We’ve written a lot about the scary complications associated with vaginal mesh, synthetic devices that are surgically implanted to treat women suffering from prolapse. This condition, which afflicts millions of women after childbirth or as they age, occurs when stretched or weakened pelvic-area tissues give way, allowing the bladder or other organs to sag or bulge into the vagina.
Now, adding to the mounting data on the potential risks of prolapse surgery in general, a new study in the Journal of the American Medical Association finds that a common surgical treatment for prolapse — one considered the “gold standard” involving abdominal surgery — fails nearly 1 out of 3 women.
So why does prolapse surgery matter? As the JAMA study authors note, nearly 1 in 4 woman have at least one pelvic floor condition and “more than 225,000 surgeries are performed annually in the United States for pelvic organ prolapse.” So, any woman considering this surgery should be aware of the “long-term risks of mesh or suture erosion.”
(Just to be clear, the latest JAMA study is not about the more problematic vaginal mesh surgery that the FDA has flagged with two safety alerts in the last five years and more recently, requirements that manufactures conduct new testing in the mesh products. In these procedures, surgeons implant the mesh vaginally and use it as a scaffold for support. From 2005 to 2010, the FDA received nearly 4,000 reports of serious complications, including mesh erosion, severe pain, nerve damage, bleeding and other serious problems, some that required multiple hospitalizations and repeat surgeries.)
USA Today reports on the latest findings:
Doctors found that the “gold standard” prolapse surgery, a procedure called abdominal sacrocolpopexy, often fails to relieve symptoms of prolapse, which can cause discomfort and difficulty voiding, according to a study published in the Journal of the American Medical Association last week.
In this surgery, doctors use tissue or synthetic mesh to attach the top of the vagina to a ligament in the lower back, says Ingrid Nygaard, a professor of obstetrics and gynecology at the University of Utah School of Medicine and lead author of the new study, which followed 215 women for about seven years.
In that time, nearly one in three women saw their symptoms return or had their pelvic organs slip out of place again, the study says. About 17% needed additional pelvic surgery within seven years, either to treat the original prolapse, correct a new prolapse or treat complications related to the synthetic mesh, the study says.
In about one in 10 women, the mesh protrudes through tissue, which can cause inflammation and bleeding, Nygaard says.
Jessica McKinney is a physical therapist in Boston who specializes in women’s health and recently launched a new website for women and clinicians to talk about pelvic-related health issues.
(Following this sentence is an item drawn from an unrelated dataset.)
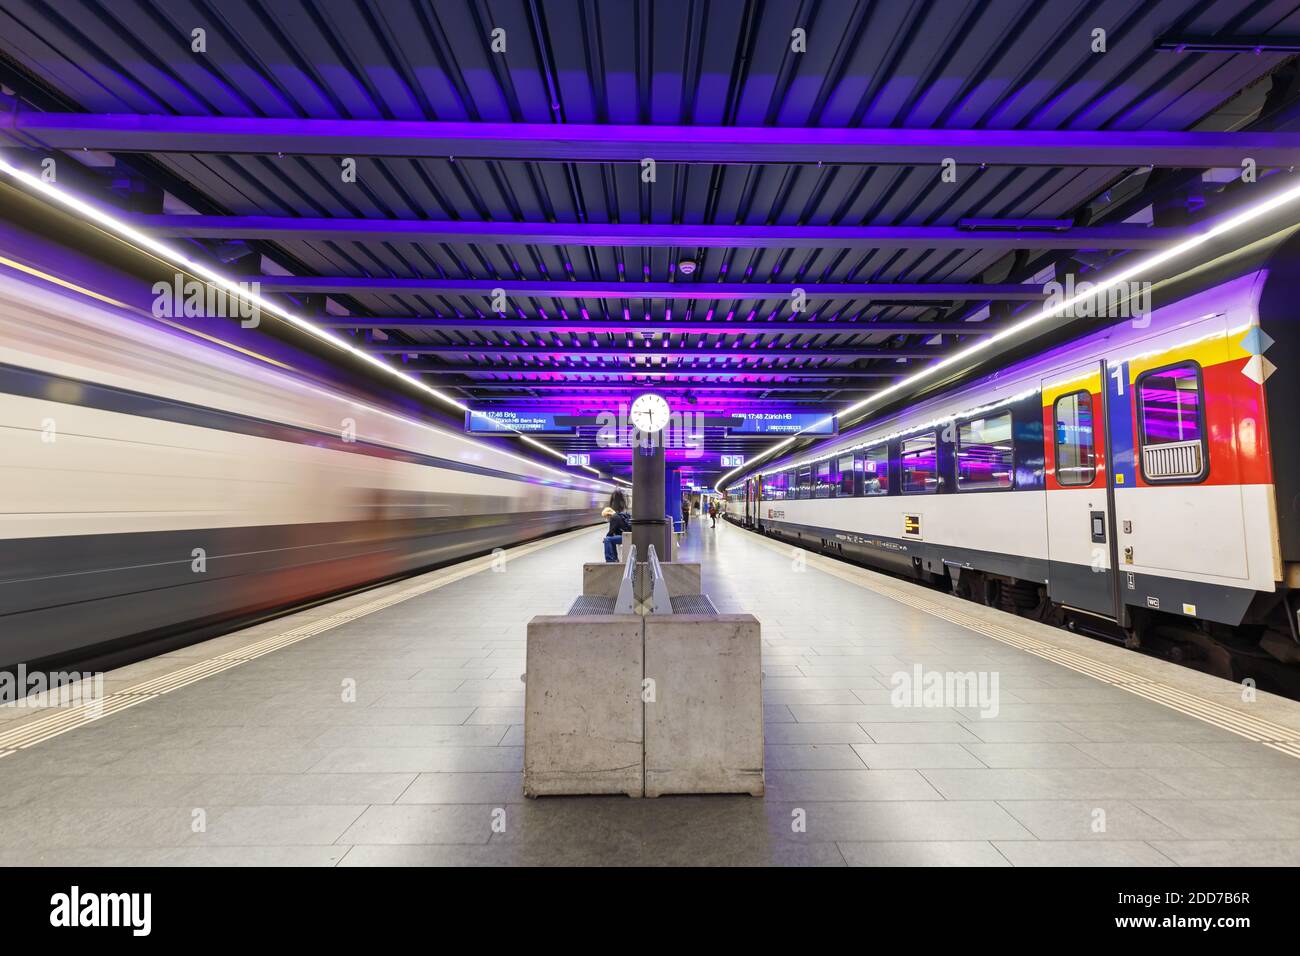 Zurich, Switzerland - September 23, 2020: Trains at Zurich Airport railway station in Switzerland. Stock Photo

McKinney, also co-owner and Director of Women’s and Pelvic Health at Boston-area Marathon Physical Therapy and Sports Medicine, says that while surgery may be the best option for some women, there are several non-surgical measures — from pelvic floor massage to specific muscle exercises to work on breathing and posture — that can alleviate the
pain, discomfort and other symptoms associated with prolapse.
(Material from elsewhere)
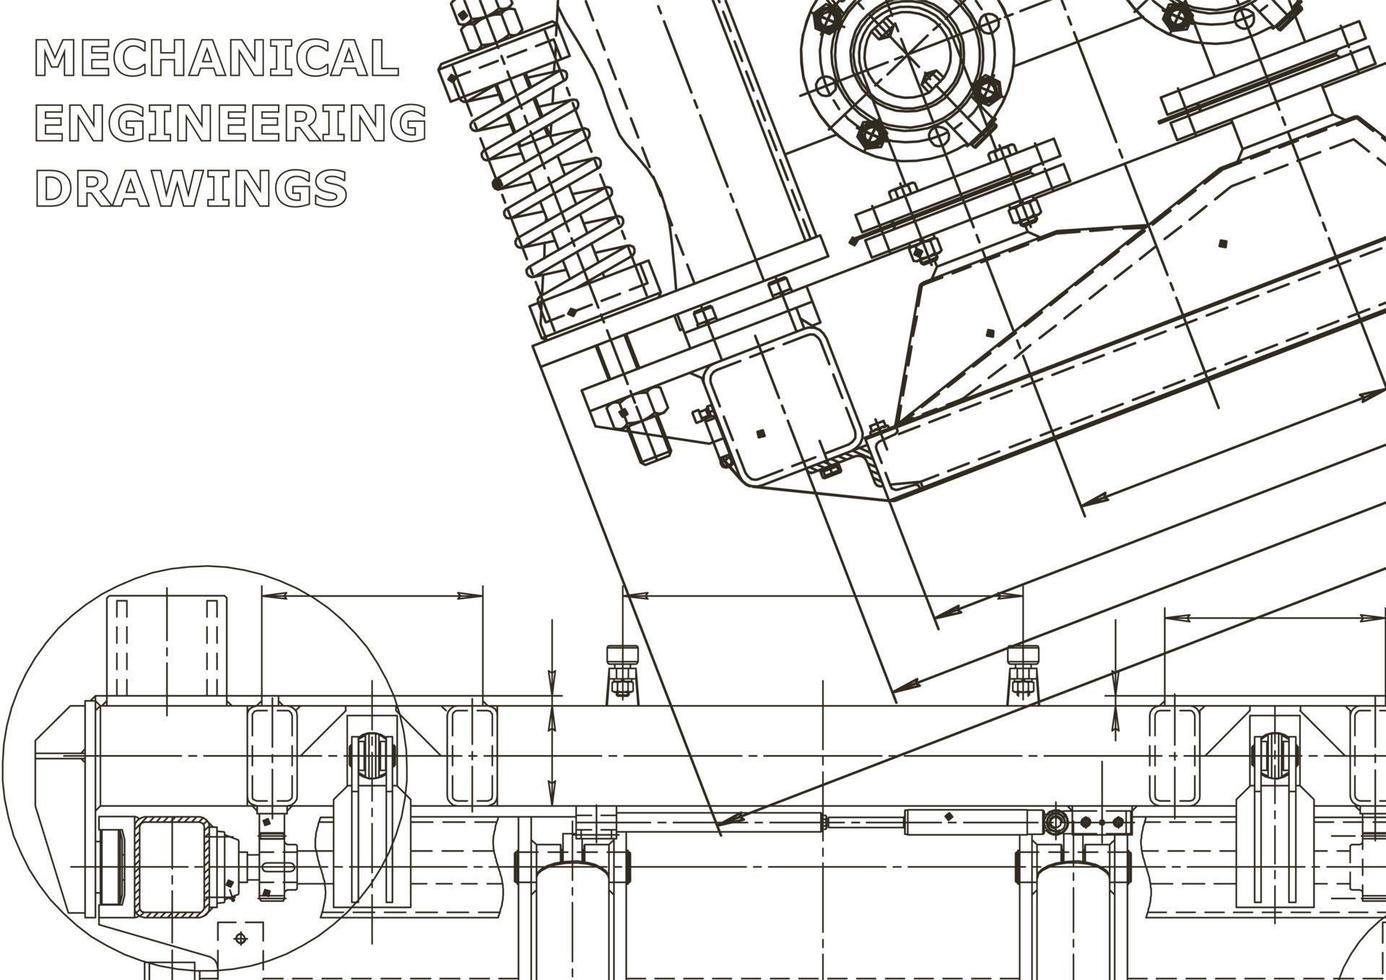 cubrir. dibujos de ingeniería de vectores. fabricación de instrumentos mecánicos. antecedentes técnicos abstractos. ilustracion tecnica vector

She says she can’t comment on the prolapse study with respect to specific surgical technique and procedure, but she still has these thoughts to share:
” “What stands out to me the most in these findings is that it documents a deterioration in effectiveness over time. It begs consideration of what are the women doing and how are they living in their bodies during the years following surgery, and are they doing so in a way that is protective of the repair or not. While it has long been standard of care to utilize physical therapy services pre-and post-operatively in orthopedics, this is not yet the current standard in female pelvic medicine and reconstructive surgery. The role of such interventions would be to comprehensively address “local” issues of pelvic floor muscle strength and endurance, but more importantly to address how the pelvic floor is functionally integrated with breathing, the deep abdominals, posture, alignment, whole body strength, and movement so that the effect of everyday stresses on the repair are minimized over time. Addressing toileting habits, weight management, lifting mechanics, and specific exercise activities falls under this umbrella, as well. From these findings, I am less convinced that the surgeries themselves are lacking, but rather that we have not yet applied the full spectrum of support, education, and exercise necessary to achieve optimal long-term outcomes. Achieving this level of care requires a multidisciplinary approach and patients who are equally engaged in the process, willing to modify behaviors or activities as necessary in order to achieve better outcomes.”